TASK: Could you copy exactly the lines below, beginning at the line with "ChangetheWorldHolidayChallenge1920x485" and stopping after the line with "PATYKA - CLEAN - Mousse Nettoyante Détox", with no pictures?

SOURCE INFORMATION:
**********
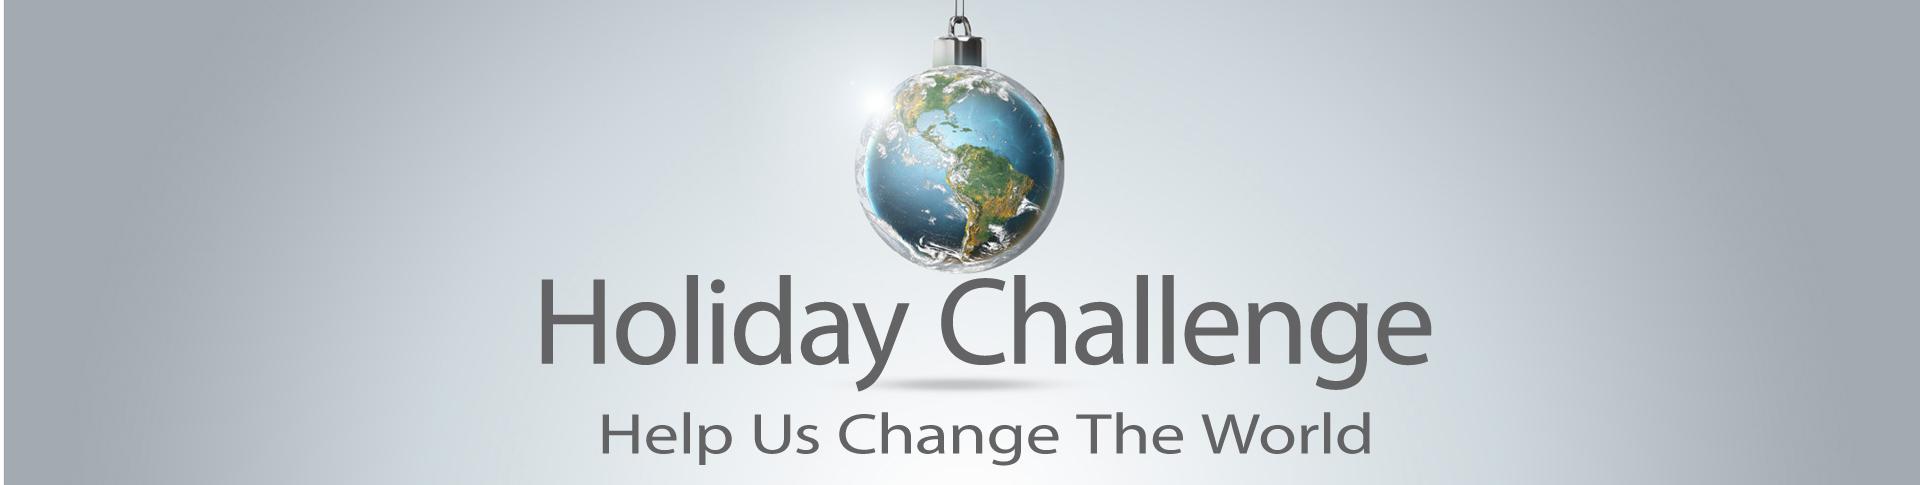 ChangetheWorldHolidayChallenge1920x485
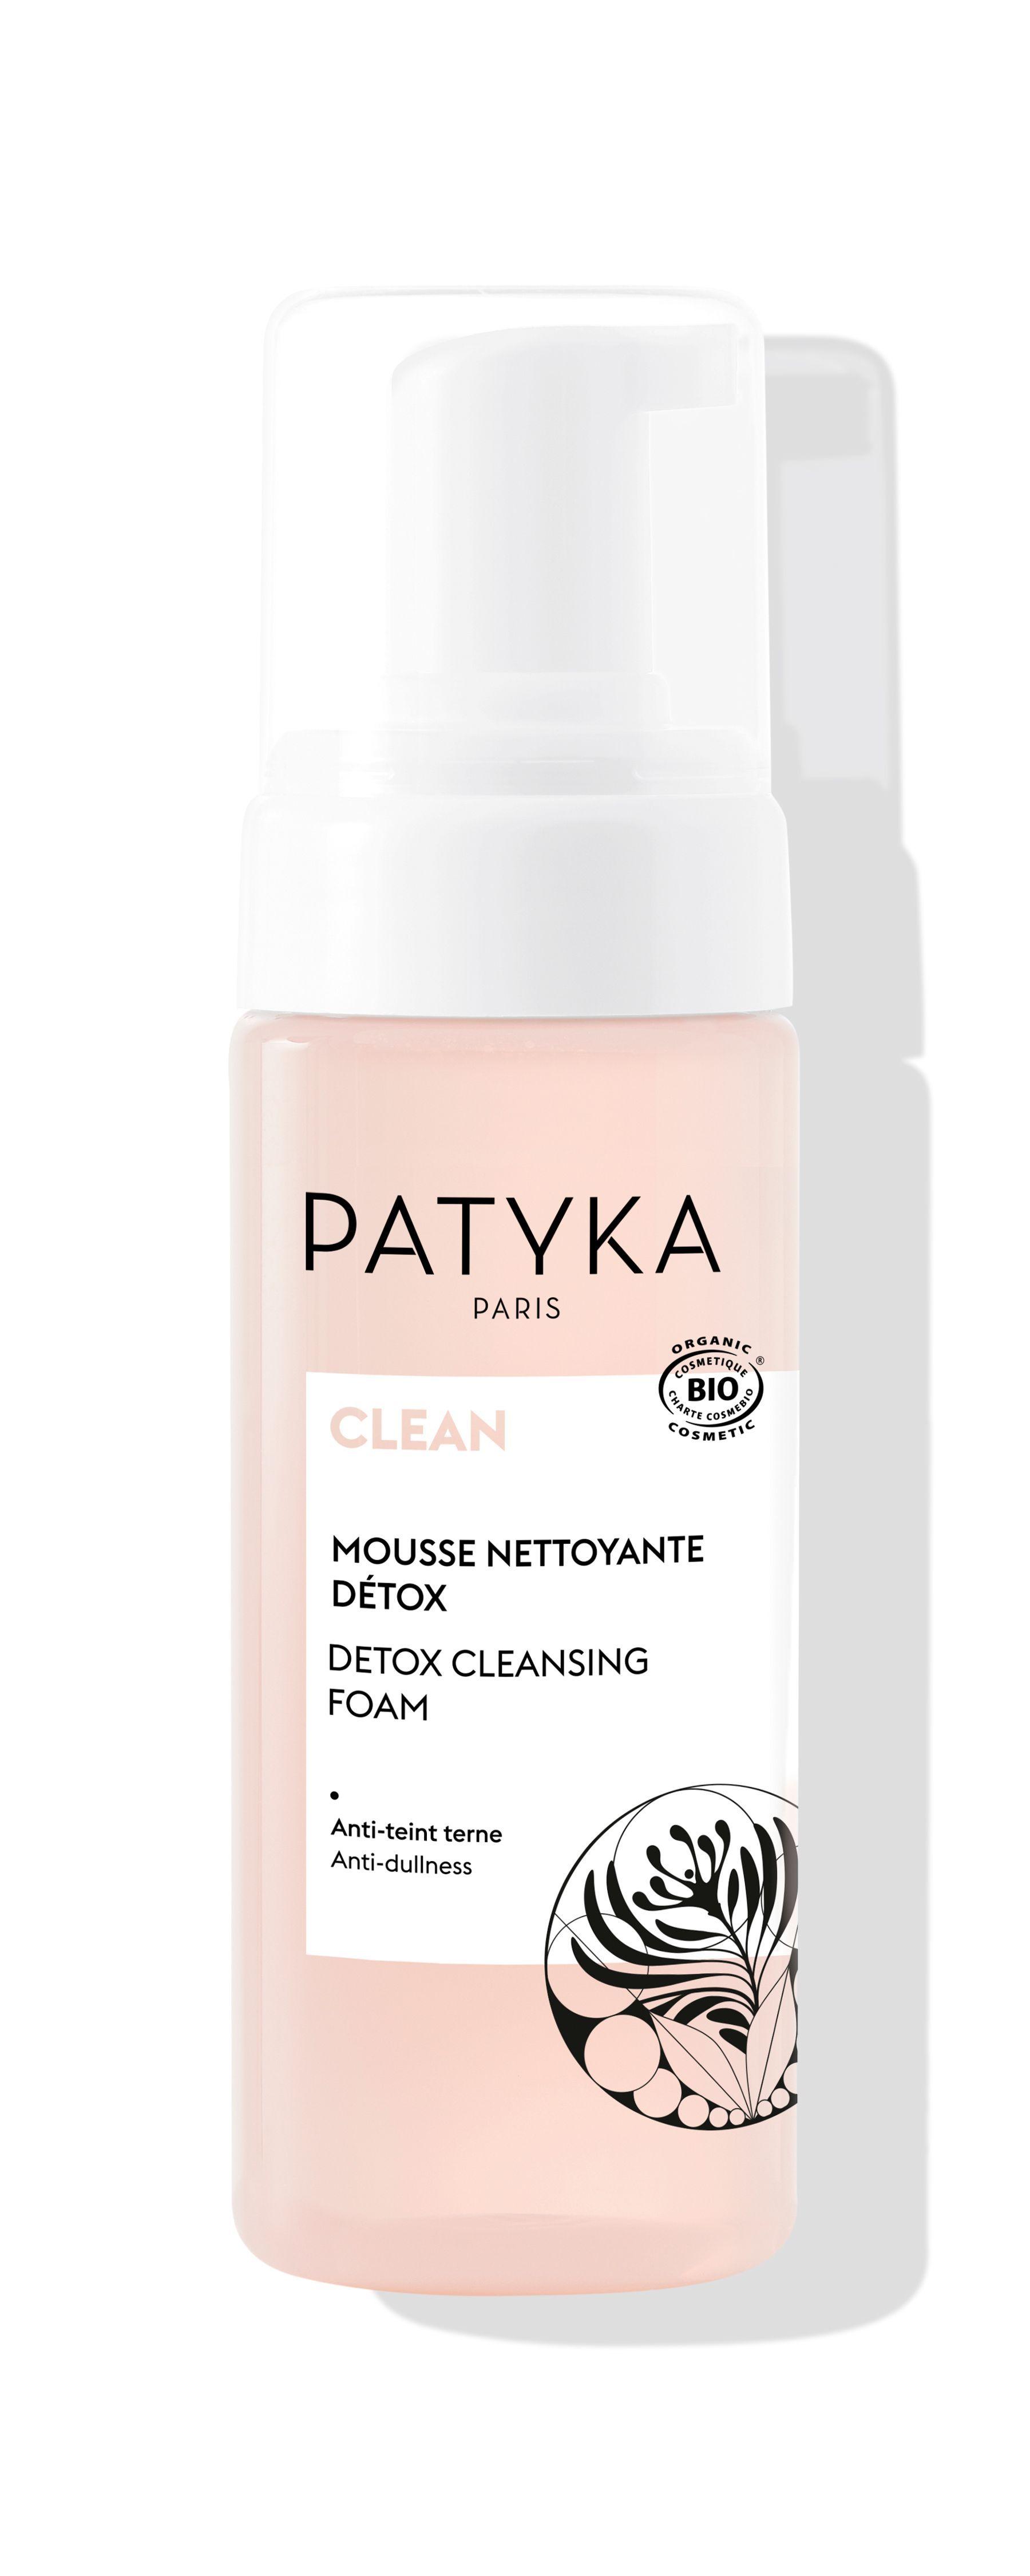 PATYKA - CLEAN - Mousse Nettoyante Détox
**********
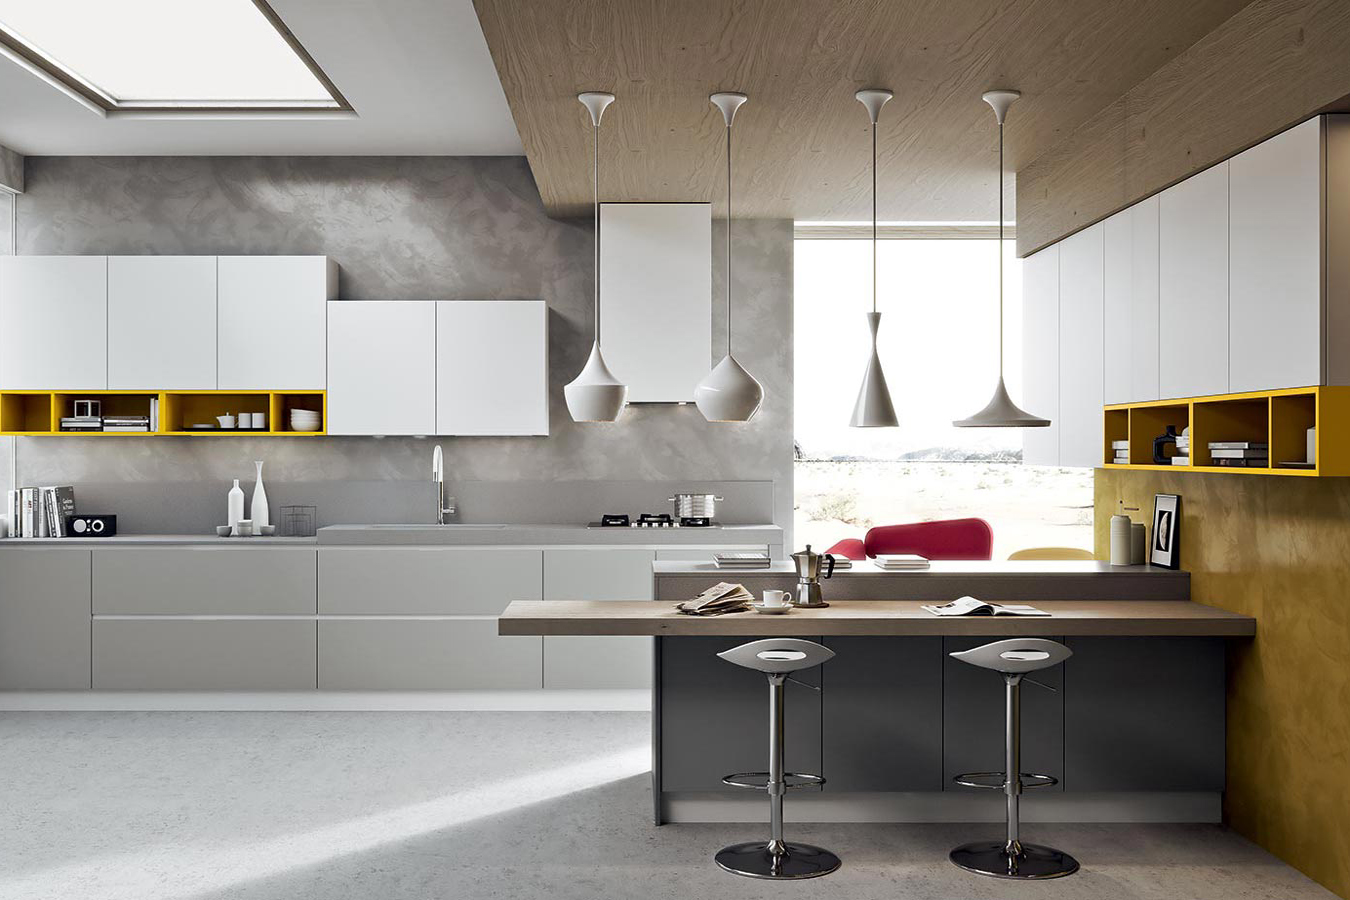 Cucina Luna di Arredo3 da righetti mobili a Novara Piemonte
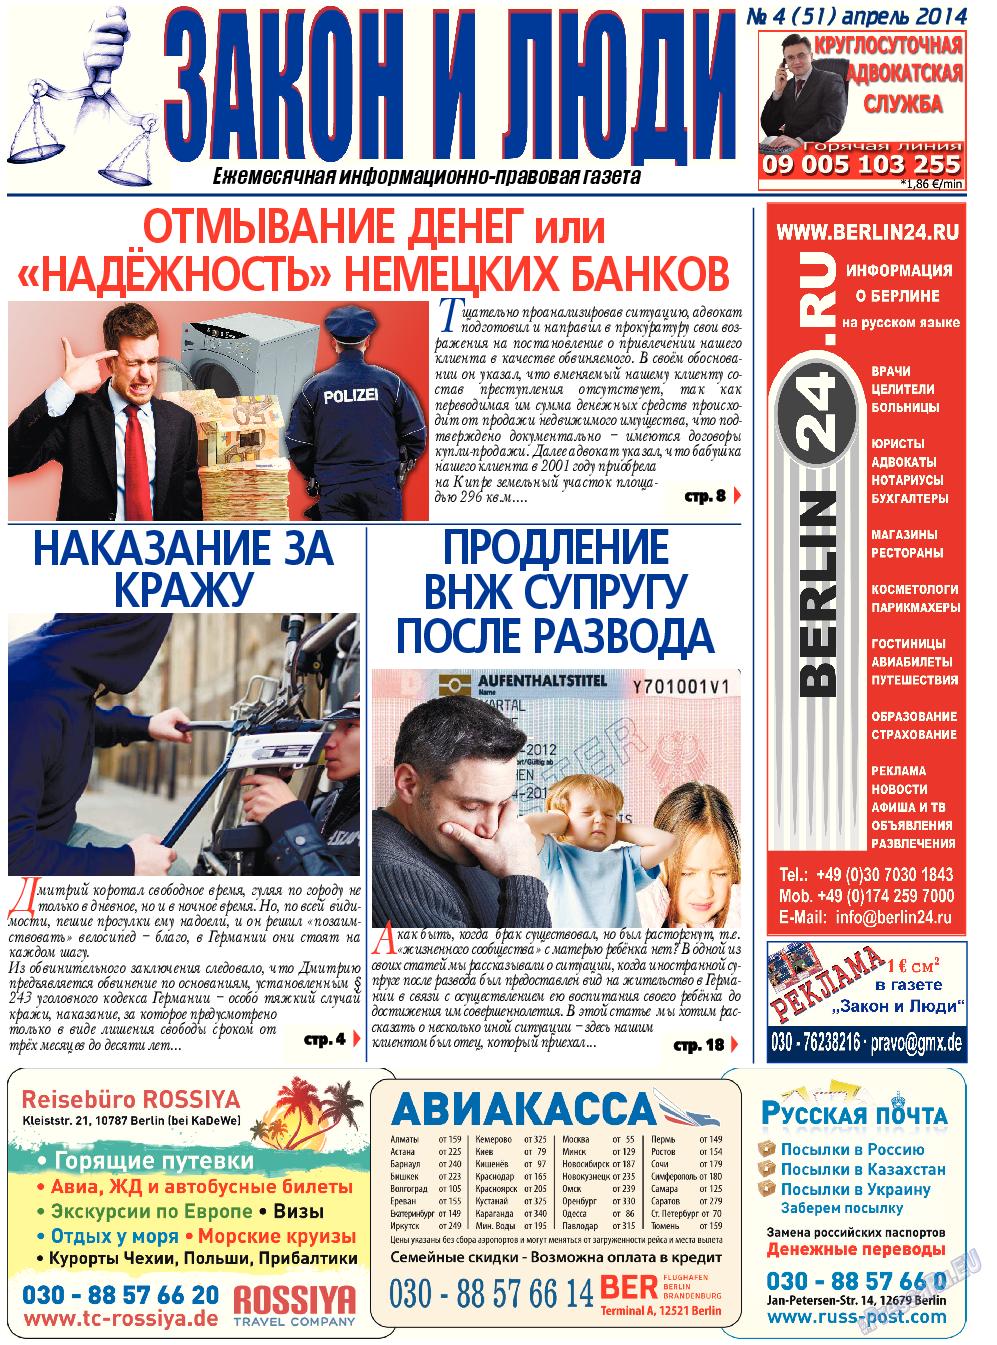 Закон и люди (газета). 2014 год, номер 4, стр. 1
**********
TASK RESPONSE:
 ChangetheWorldHolidayChallenge1920x485
 PATYKA - CLEAN - Mousse Nettoyante Détox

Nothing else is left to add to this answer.